The emergence of Graphics Processing Units (GPUs) as a potential alternative to conventional general-purpose processors has led to significant interest in these architectures by both the academic community and the High Performance Computing (HPC) industry. While GPUs look likely to deliver unparalleled levels of performance, the publication of studies claiming performance improvements in excess of 30,000x are misleading. Significant on-node performance improvements have been demonstrated for code kernels and algorithms amenable to GPU acceleration; studies demonstrating comparable results for full scientific applications requiring multiple-GPU architectures are rare.

In this paper we present an analysis of a port of the NAS LU benchmark to NVIDIA’s Compute Unified Device Architecture (CUDA) – the most stable GPU programming model currently available. Our solution is also extended to multiple nodes and multiple GPU devices.

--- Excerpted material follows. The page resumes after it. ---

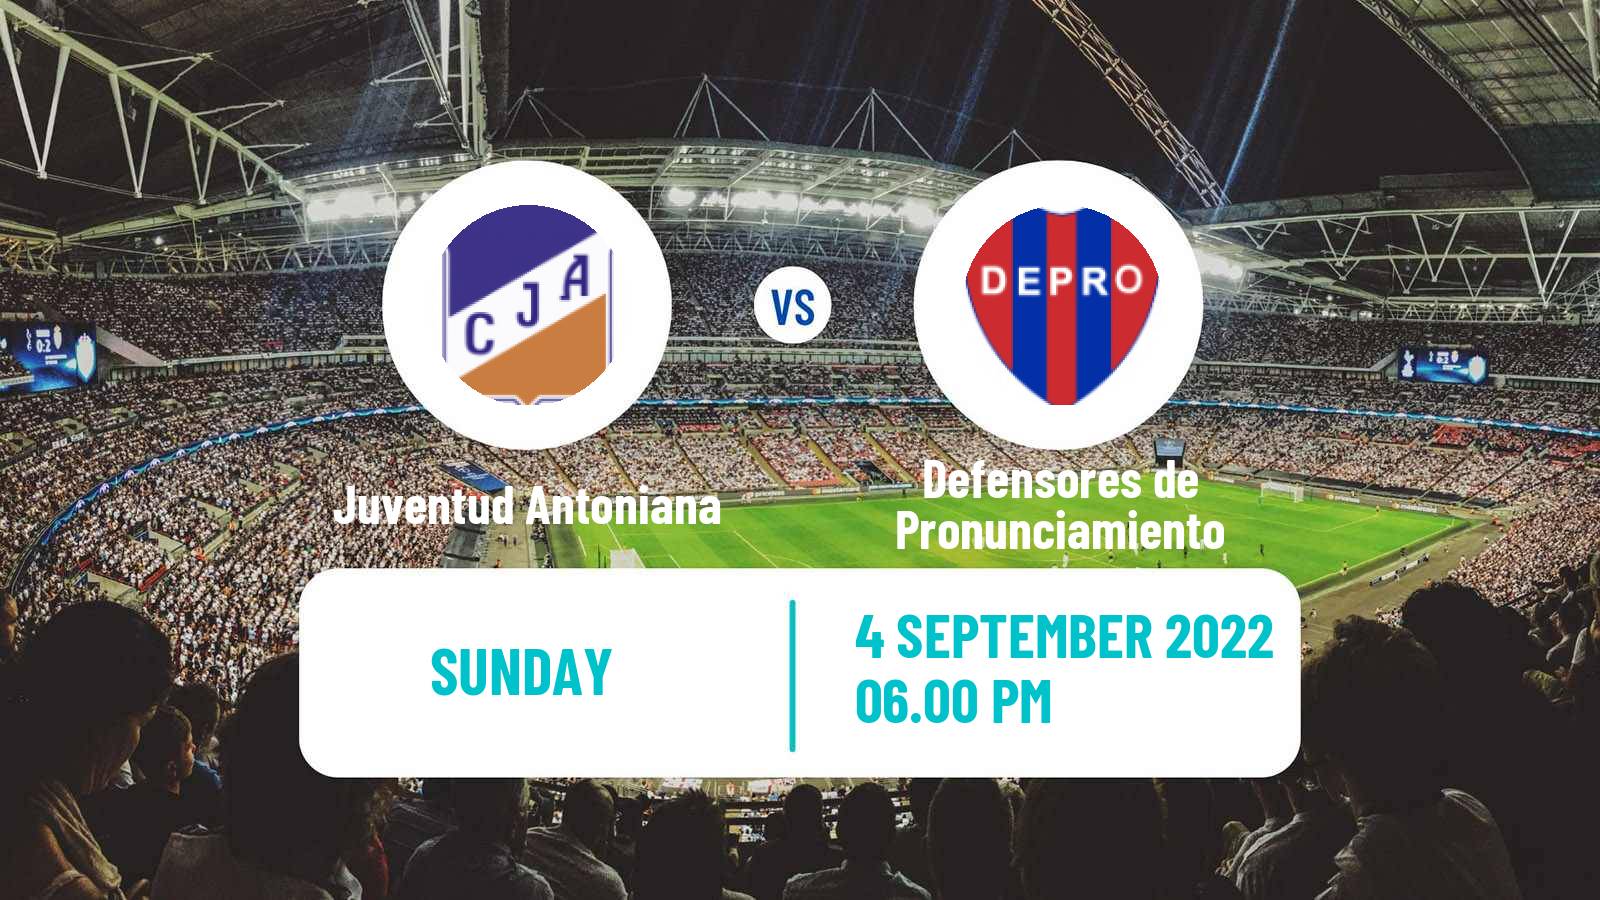 Soccer Argentinian Torneo Federal Juventud Antoniana - Defensores de Pronunciamiento
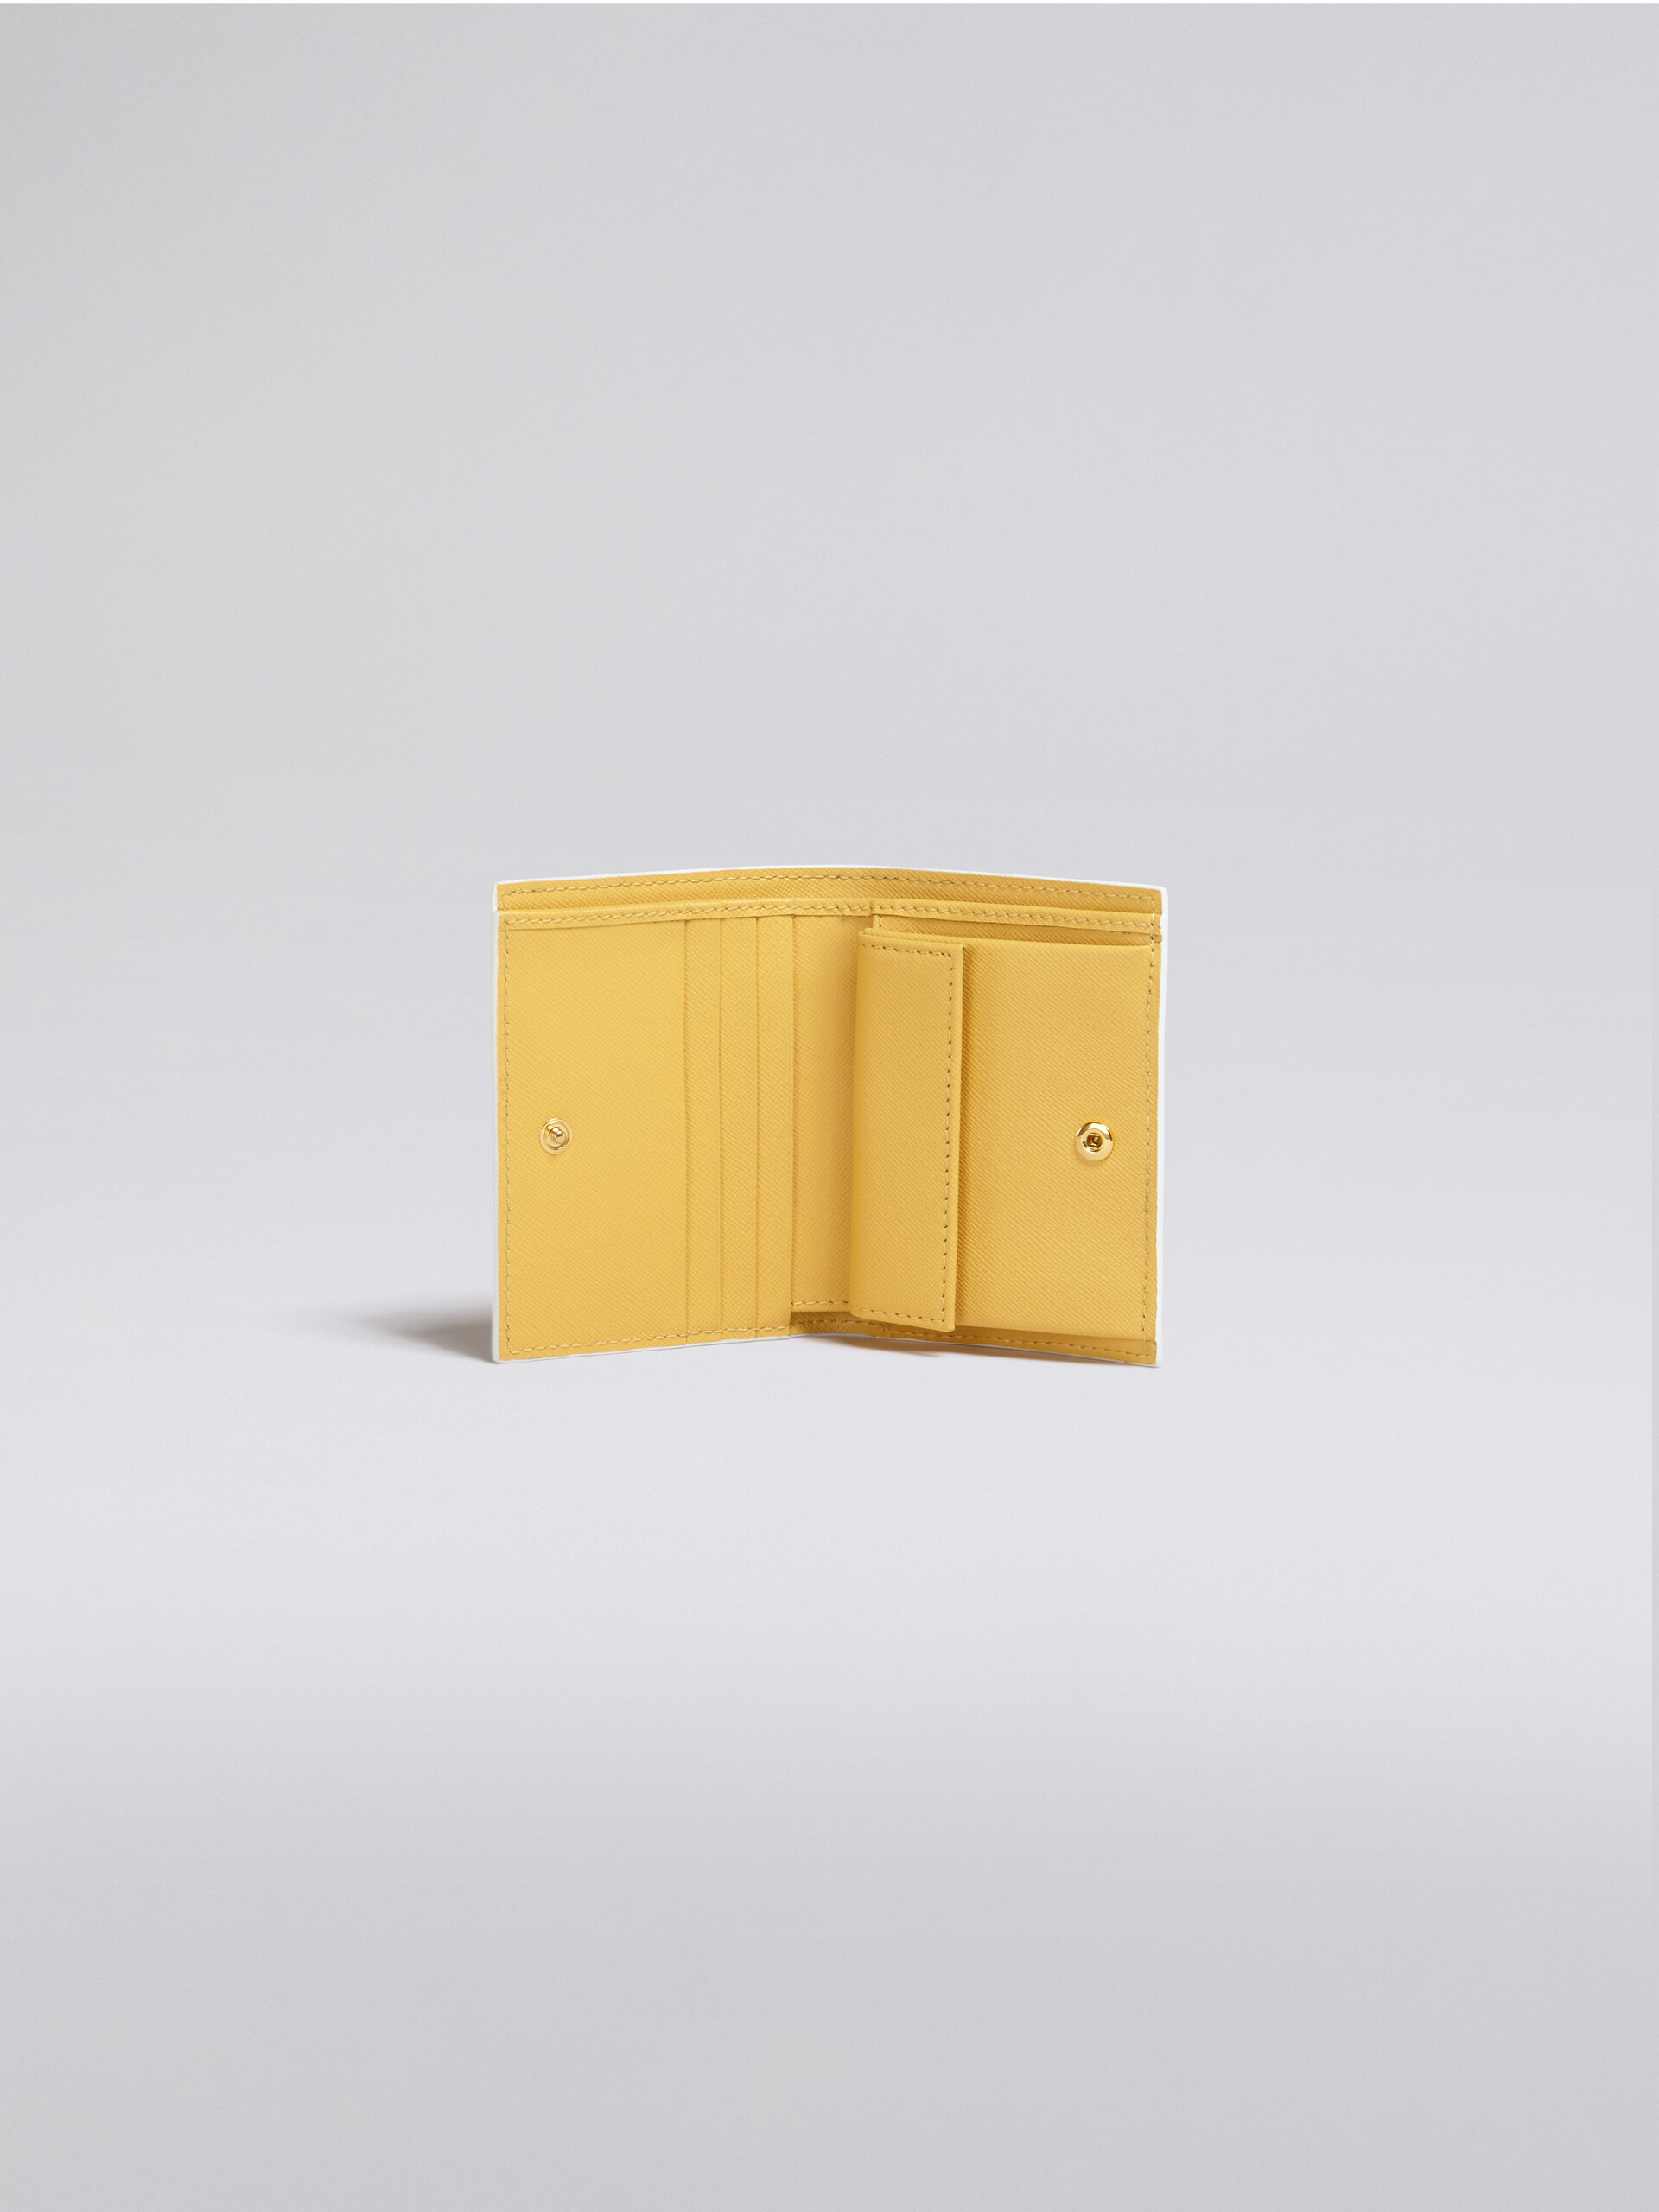 Portafoglio bi-fold in vitello saffiano monocolore giallo - Portafogli - Image 2

Runtime performance on several GPUs is presented, ranging from low-end, consumer-grade cards such as the 8400GS to NVIDIA’s flagship Fermi HPC processor found in the recently released C2050. We compare the runtimes of these devices to several processors including those from Intel, AMD and IBM.

In addition to this we utilise a recently developed performance model of LU. With this we predict the runtime performance of LU on large-scale distributed GPU clusters, which are predicted to become commonplace in future high-end HPC architectural solutions.

(S.J. Pennycook, S.D. Harmond, S.A. Jarvis and G.R. Mudalige: “Implementation of the NAS-LU Benchmark”, 1st International Workshop on Performance Modeling, Benchmarking and Simulation of High Performance Computing Systems (PMBS 10), held as part of Supercomputing 2010 (SC’10), New Orleans, LA, USA. [PDF])